2) uitgangen- een hoog waterstofgehalte hebben (maar lager dan dat van liptinieten), rijk aan alifatische ketens en verzadigde naftenen (alicyclische koolwaterstoffen), evenals aromatische ringen en zuurstofbevattende functionele groepen. Deze organische stof wordt gevormd uit plantaardig materiaal zoals sporen, stuifmeel, nagelriemen en andere structurele delen van planten. Exinieten hebben een goed vermogen om condensaat van olie en gas te worden.Condensaat is een mengsel van koolwaterstoffen dat in het veld gasvormig is, maar condenseert tot een vloeistof wanneer het naar de oppervlakte wordt geëxtraheerd. , en in de hogere stadia van metamorfe evolutie in gas.
3) Vitrshity- een laag waterstofgehalte, een hoog zuurstofgehalte hebben en voornamelijk bestaan uit aromatische structuren met korte alifatische ketens verbonden door zuurstofbevattende functionele groepen. Ze zijn gevormd uit gestructureerde houtachtige (lignocellulose) materialen en hebben een beperkt vermogen om in olie te veranderen, maar een goed vermogen om in gas om te zetten.
4) inertinitis zijn zwarte, ondoorzichtige klastische gesteenten (hoog in koolstof en laag in waterstof) die zijn gevormd uit sterk veranderde houtachtige voorlopers.
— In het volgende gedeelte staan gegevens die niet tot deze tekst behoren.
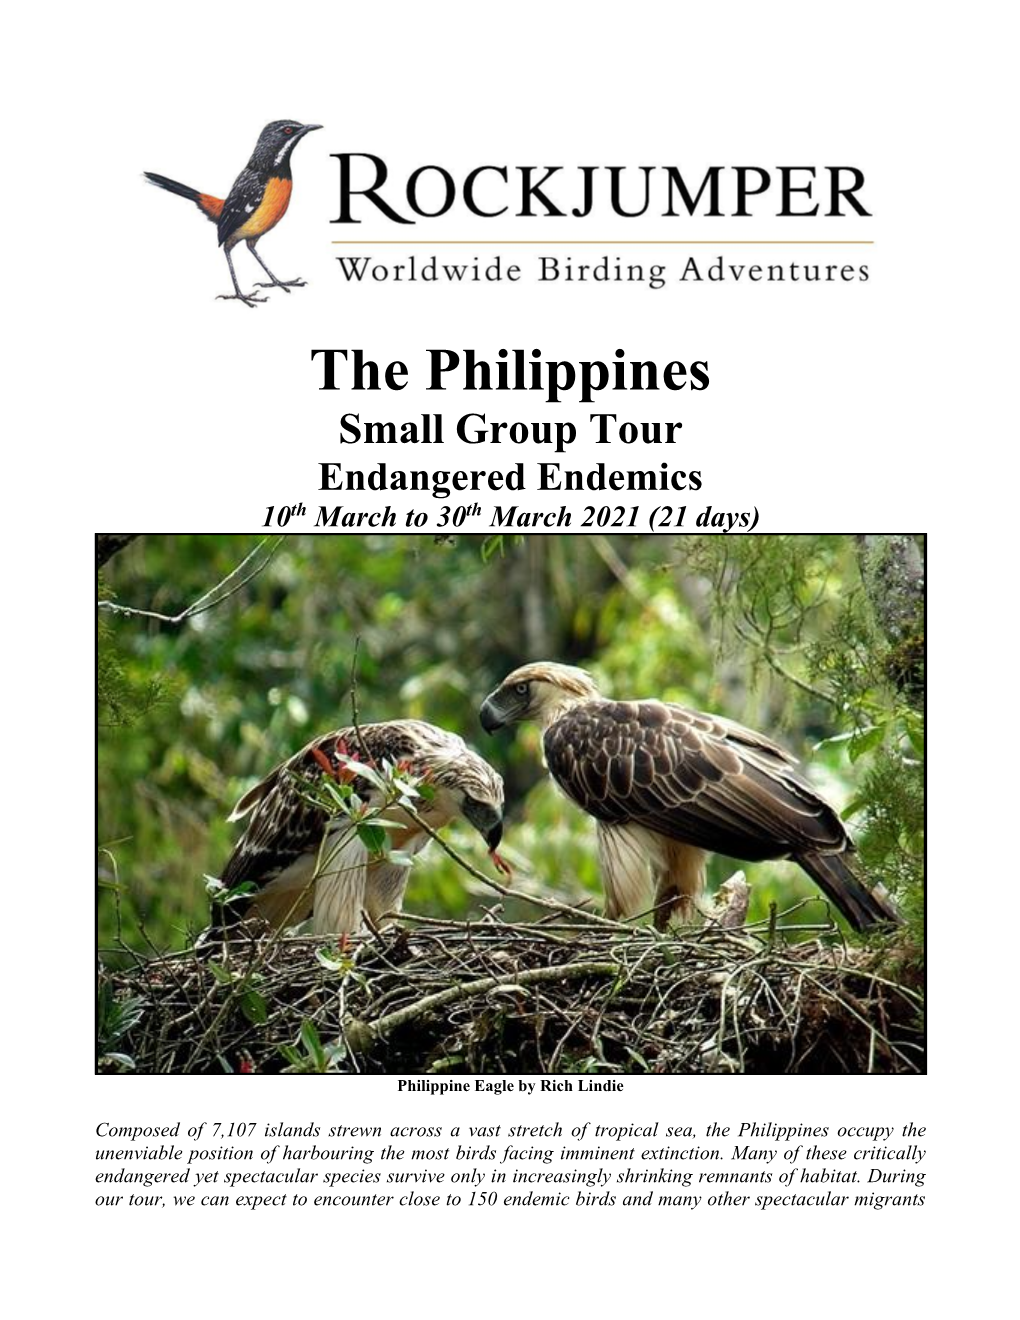 The Philippines Small Group Tour Endangered Endemics 10Th March to 30Th March 2021 (21 Days)

Ze hebben niet het vermogen om in olie en gas te veranderen.
De belangrijkste factoren waaraan gasoliegesteente wordt herkend, zijn het kerogeengehalte, het type organische stof in kerogeen en het stadium van metamorfe evolutie van deze organische stof. Goede gas- en oliegesteenten zijn die met 2-4% organische stof van het type waaruit de overeenkomstige koolwaterstoffen kunnen worden gevormd en vrijgemaakt. Onder gunstige geochemische omstandigheden kan de vorming van olie plaatsvinden uit sedimentaire gesteenten die organisch materiaal bevatten, zoals liptiniet en exinite. De vorming van gasafzettingen vindt meestal plaats in gesteenten die rijk zijn aan vitriniet of als gevolg van thermisch kraken van de oorspronkelijk gevormde olie.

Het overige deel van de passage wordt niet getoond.